ASSIGNMENT - Reproduce the full listing below unchanged, apart from the pictures.

GIVEN INFORMATION -
************
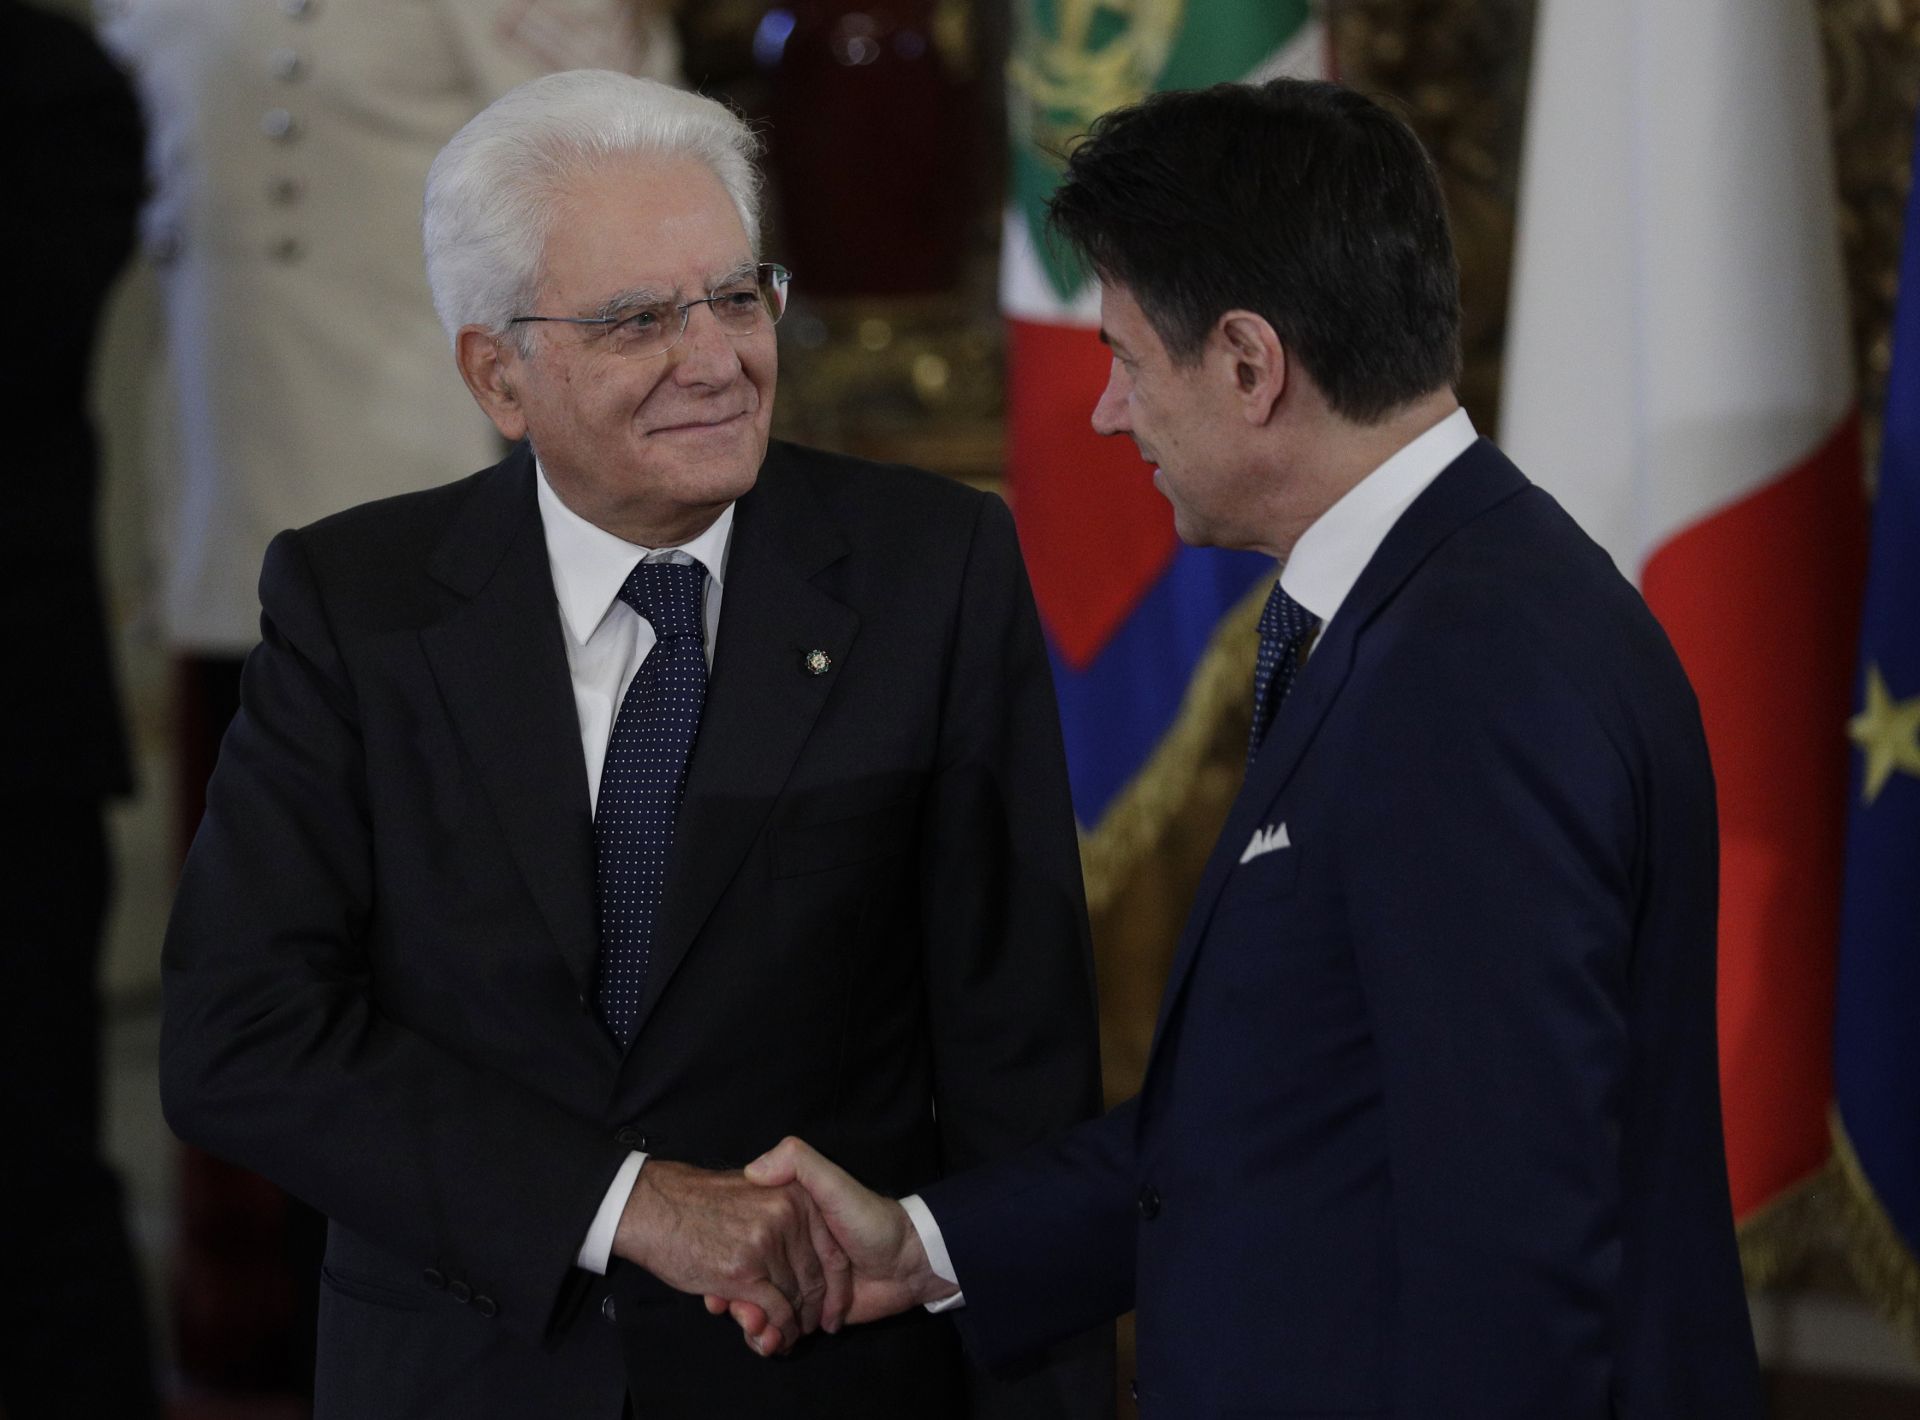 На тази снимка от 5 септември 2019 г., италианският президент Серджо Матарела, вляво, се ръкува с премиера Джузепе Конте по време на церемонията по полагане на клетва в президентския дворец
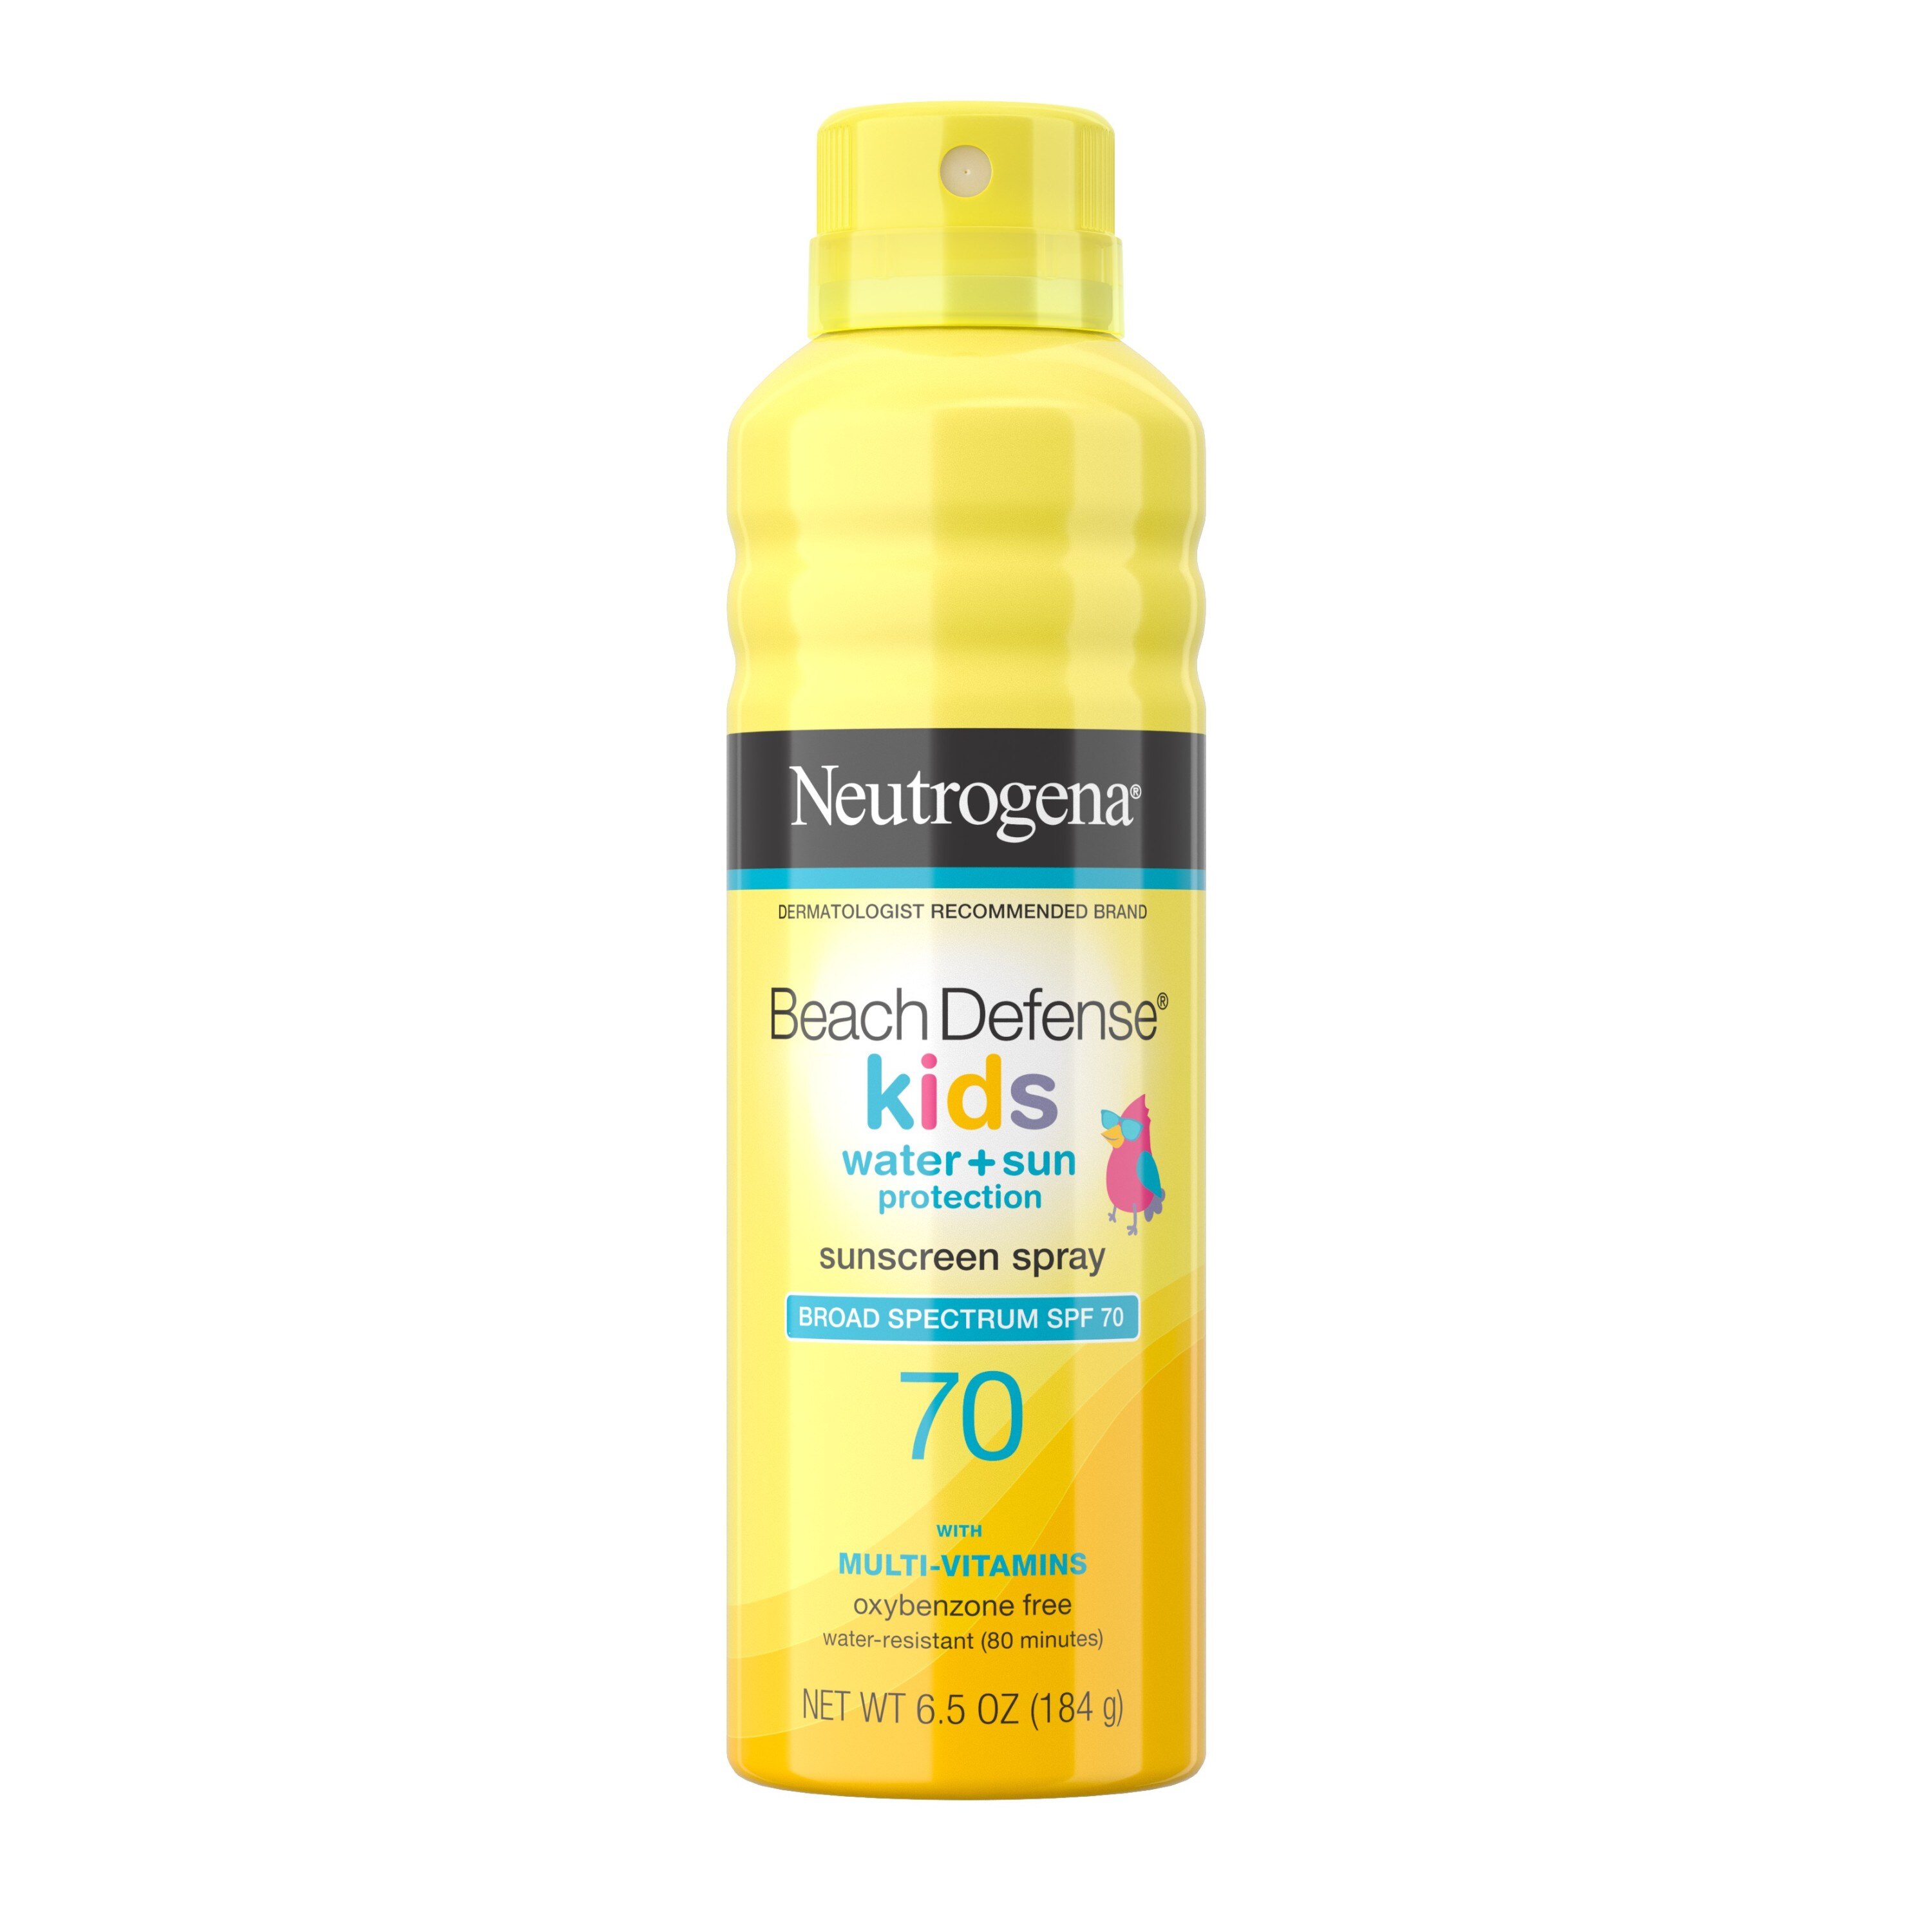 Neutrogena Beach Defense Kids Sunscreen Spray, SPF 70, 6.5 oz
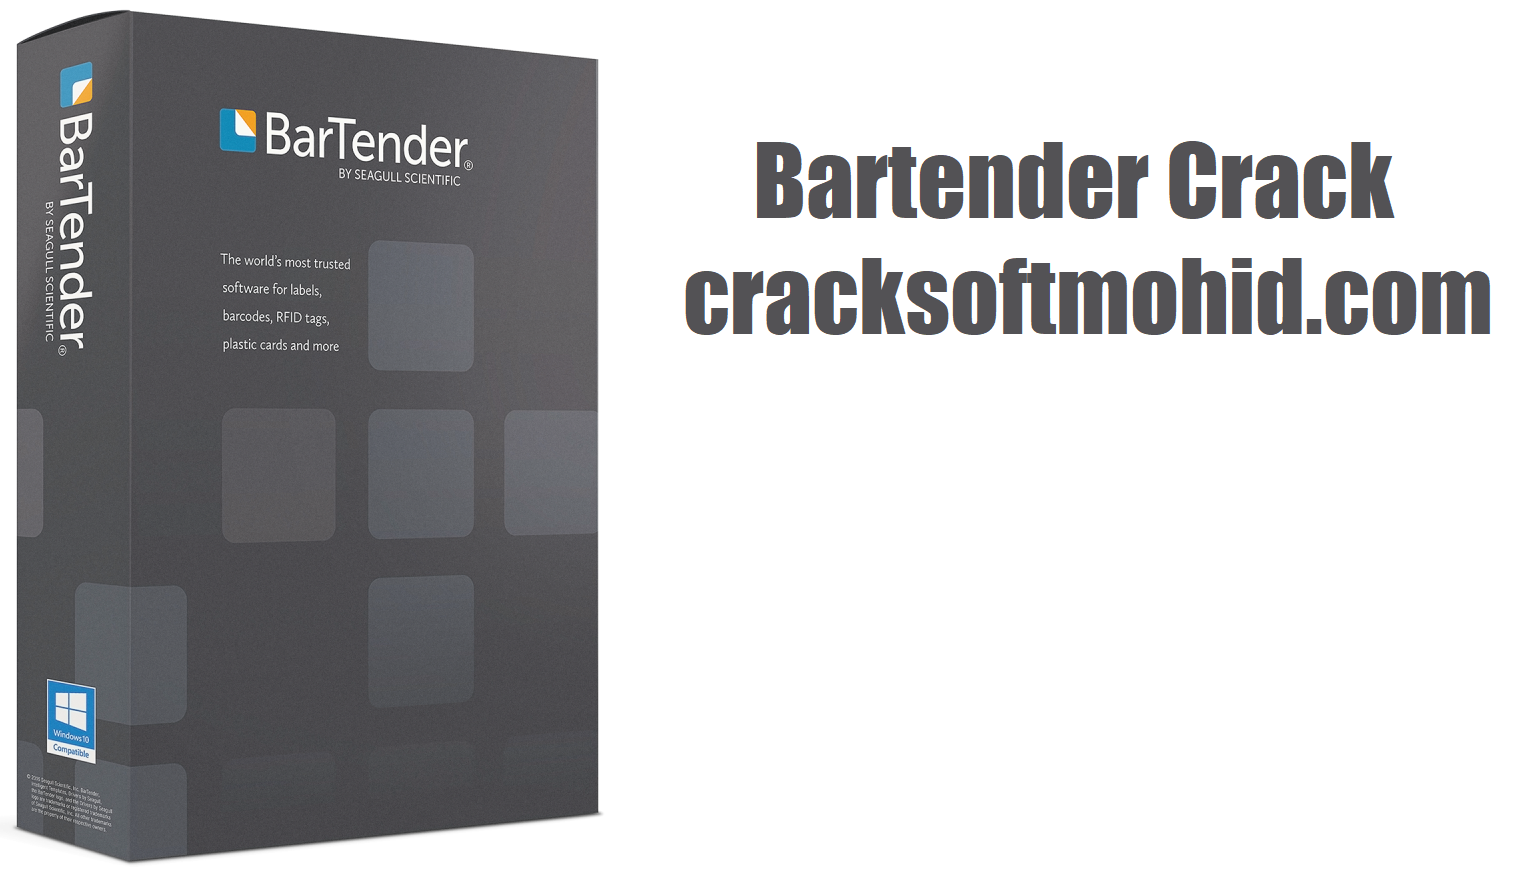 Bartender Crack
************
TASK ANSWER -
 На тази снимка от 5 септември 2019 г., италианският президент Серджо Матарела, вляво, се ръкува с премиера Джузепе Конте по време на церемонията по полагане на клетва в президентския дворец
 Neutrogena Beach Defense Kids Sunscreen Spray, SPF 70, 6.5 oz
 Bartender Crack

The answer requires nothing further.